Transformer for large-scale image recognition
https://arxiv.org/pdf/20 10. 1 1929.pdf
This work "Visual Transformer" is based on the transformer model that shines brilliantly in NLP field, and deals with the tasks in the visual field. In a simple way, the author transforms the two-dimensional image data into a form similar to the sentence sequence processed in Transformer, and then uses the Transformer encoder to extract features.
Transformer's paper is called attention is what you need. Now when it comes to attention in the field of deep learning, you may think of Transformer's self-attention mechanism. In fact, attention mechanism was originally applied to circulatory neural networks, and self-attention can be regarded as a more general version. Attention is initially a function of the intermediate hidden state in the encoder-decoder framework. Self-attention, on the other hand, does not care about the hidden state, but only about the dependence between vectors in the input sequence. Transformer gives a very concise formula.
When you see softmax, you know that you are seeking probability. V stands for numerical value and QK stands for dictionary lookup operation. But it's still abstract. If you want to understand it, you must decompose the matrix into vectors. This is a blog about visual transformers. https://jalammar.github.io/illustrated-transformer/
My understanding is that the original vector is coded three times, and then when calculating the attention result, one of the codes is only related to itself, representing the characteristics of the token, and the other two codes are used to match the codes of other vectors in the sequence to get the correlation degree between the current vector and other vectors.
The main reason why convolution is dominant in vision is the local receptive field, and the form of convolution is very suitable for image data processing. However, the receptive field of convolution is limited, and a large receptive field can only be obtained through multi-layer abstraction. Self-concern, I think, can be understood as selective weighting in global input. This process is repeated many times, which is the multi-head self-attention mechanism.
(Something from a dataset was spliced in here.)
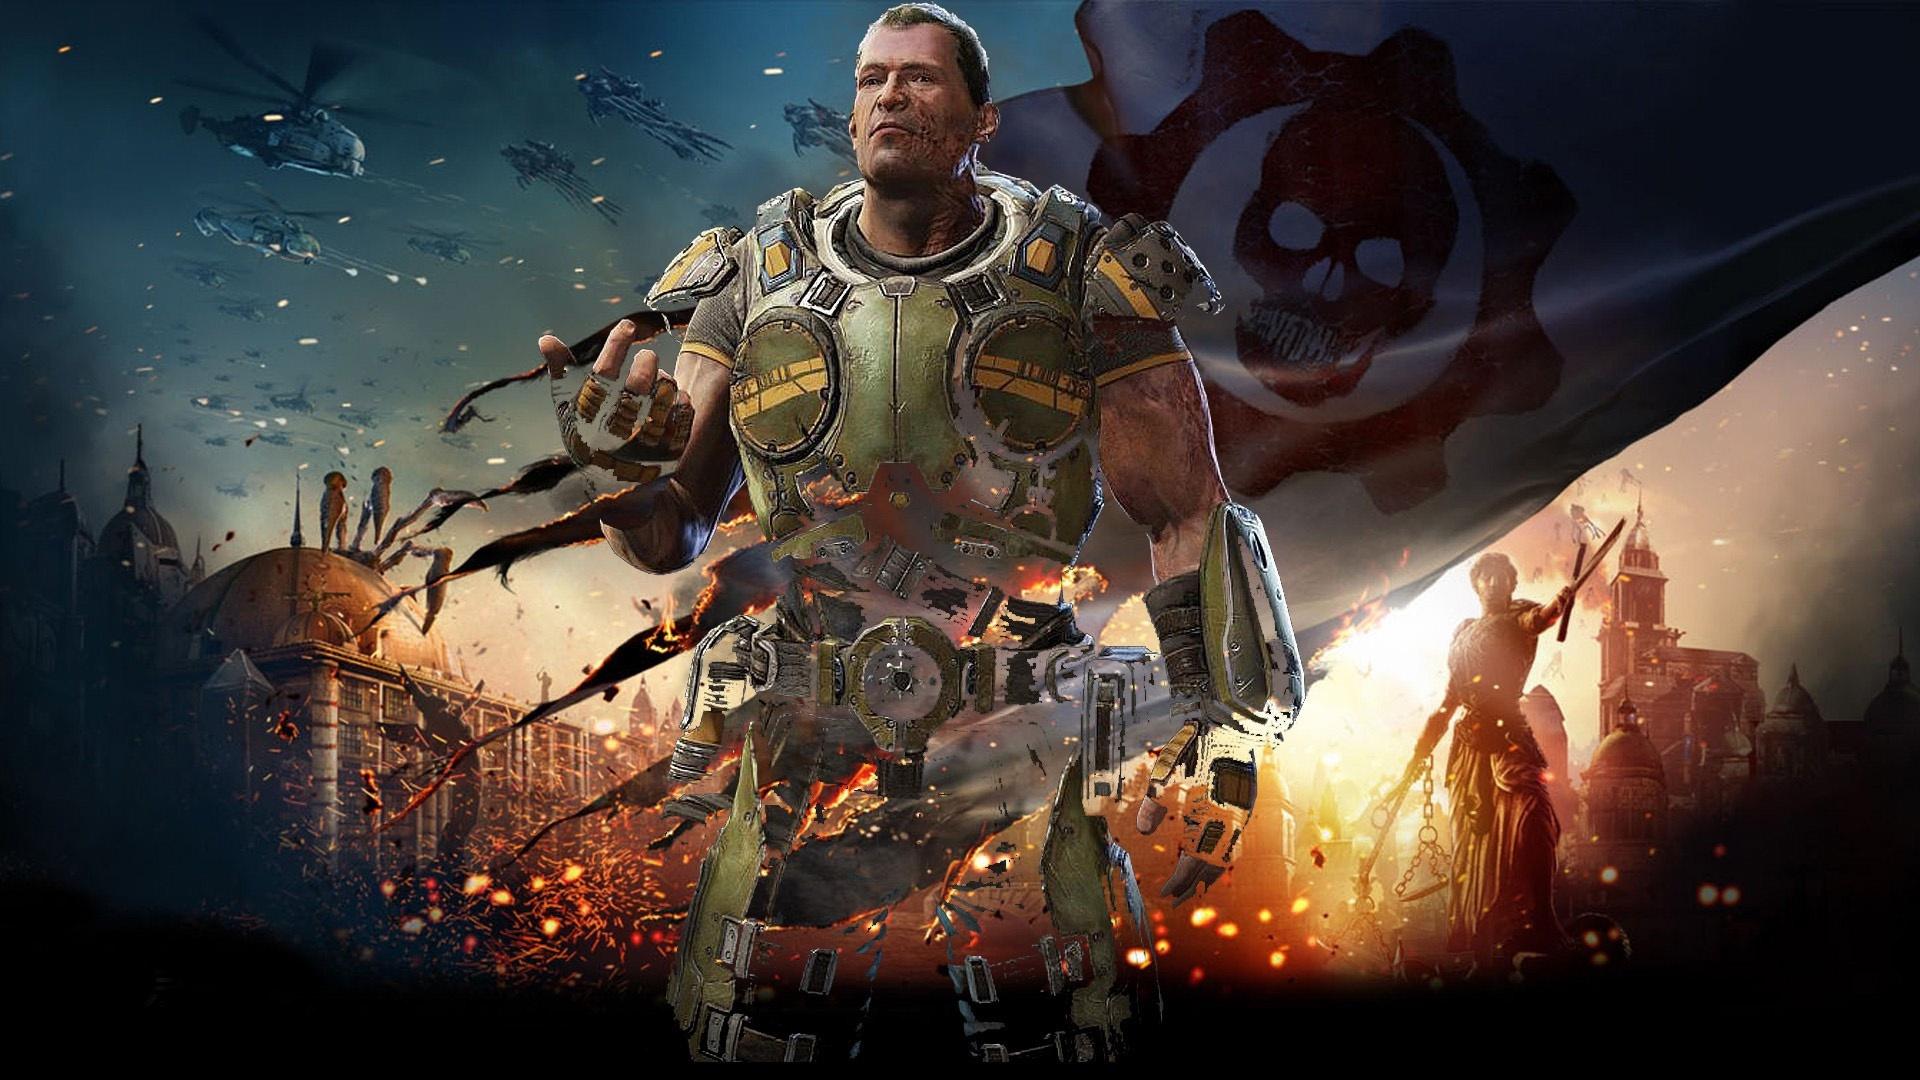 Gears Of War free background

The final code is as follows:
Corresponding:
Now the input of the picture has been transformed into the form of word sequence processed by transformer through the above processing, and the final result is the features related to each patch in the picture obtained through multiple processing directly through the multi-head attention mechanism. It is equivalent to replacing convolution layer to complete feature extraction and get Z _ L.
Without convolution operation, training requires much less computational resources.
ViT can be very effective if it is pre-trained with a large number of data sets.
The performance of ViT model is better than the latest technology of the same order.
https://arxiv.org/pdf/2 103. 14030.pdf
Unlike adding an absolute position code to an input sequence in ViT, swinTransformer uses a relative position offset, which is added to the query operation inside attention. The paper has done experiments, and if the two methods are used at the same time, the performance will decline.